18.2      Address for service
The address for service for the parties are set out in this Agreement, or as otherwise notified in writing to the other parties from time to time.

19.       General Conditions
19.1      Governing law
The laws of the State govern this Agreement. Each party irrevocably and unconditionally submits to the non-exclusive jurisdiction of the courts in the State.

19.2      Giving effect to this Agreement
The parties must do everything (including execute any document), and must ensure that its employees and agents do anything (including execute any document) that may be reasonably required to give full effect to this Agreement.

19.3      Waiver of rights
A right may only be waived by a party in writing, signed by that party, and:

(a)            no other conduct of the party (including a failure to exercise, or delay in exercising, the right) operates as a waiver of the right or otherwise prevents the exercise of                    the right;

(b)            a waiver of a right on one or more occasions does not operate as a waiver of that right if it arises again; and

(c)            the exercise of a right does not prevent any further exercise of that right or of any other right.

19.4      Operation of this Agreement
(a)            This Agreement contains the entire agreement between the parties about its subject matter. Any previous understanding, agreement, representation or warranty                         relating to that subject matter is replaced by this Agreement and has no further effect.

(b)            Any right that a party may have under this Agreement is in addition to, and does not replace or limit, any other right that the party may have.

(c)            Any provision of this Agreement which is unenforceable or partly unenforceable is, where possible, to be severed to the extent necessary to make this Agreement                        enforceable, unless this would materially change the intended effect of this Agreement.

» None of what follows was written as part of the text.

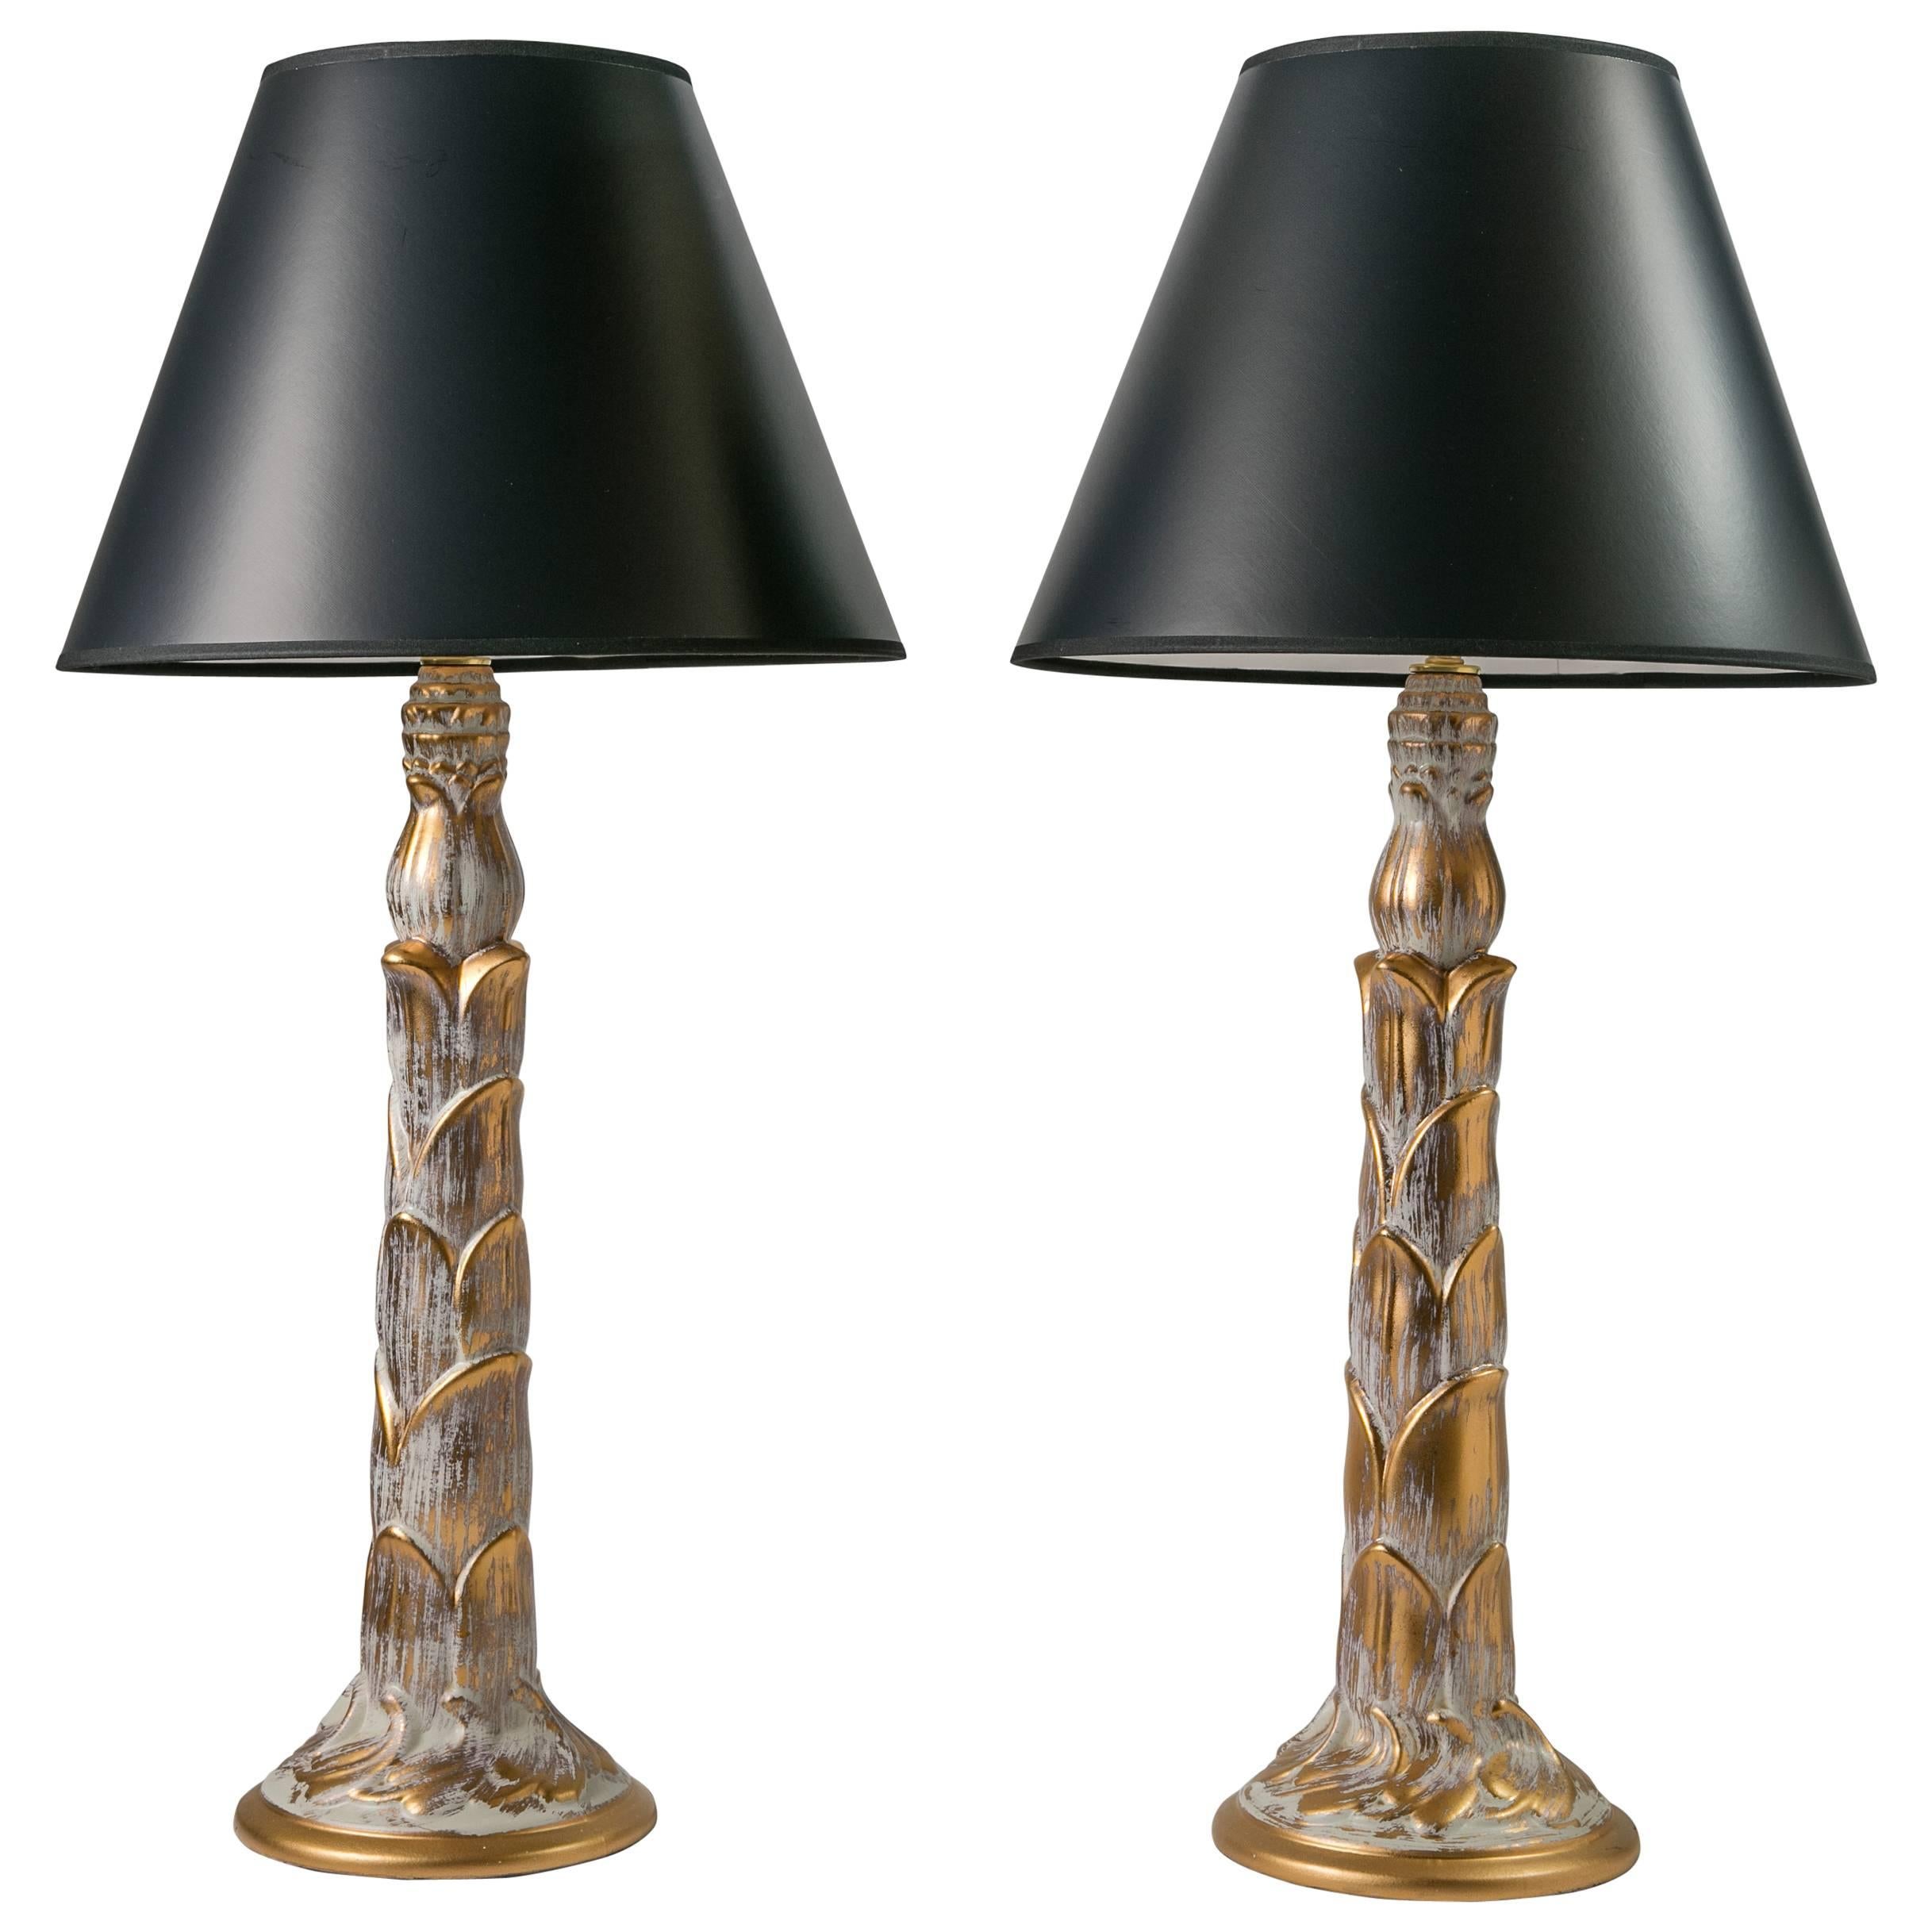 1950s Gilt Palm-Style Ceramic Lamps, Pair For Sale

(d)            For the avoidance of doubt, any indemnity provided by one party to another under the terms of this Agreement survives termination of this Agreement or completion                  of any transactions contemplated hereunder.

19.5      Amendment
A provision of this Agreement, or right, power or remedy created under it, may not be varied except as agreed in writing by all parties.

19.6      Assignment
(a)            Subject to clause 19.6(b), neither party may assign, delegate, subcontract, mortgage, charge or otherwise transfer any or all of its rights and obligations under this                         Agreement without the prior written agreement of the other party.

(b)            A party may assign and transfer all its rights and obligations under this Agreement to any person to which it transfers all of its business, provided that the assignee                      undertakes in writing to the other party to be bound by the obligations of the assignor under this Agreement.

19.7      Counterparts
(a)            This Agreement may consist of several counterparts and if so the counterparts taken together constitute one and the same instrument.

(b)            This Agreement is not binding on any party unless one or more counterparts have been duly executed by each party to this Agreement.

(c)            This Agreement is binding on the parties on the exchange of counterparts. A copy of the counterpart sent by email:

(i)              must be treated as an original counterpart;

(ii)            is sufficient evidence of the execution of the original; and

(iii)           may be produced in evidence for all purposes in place of the original.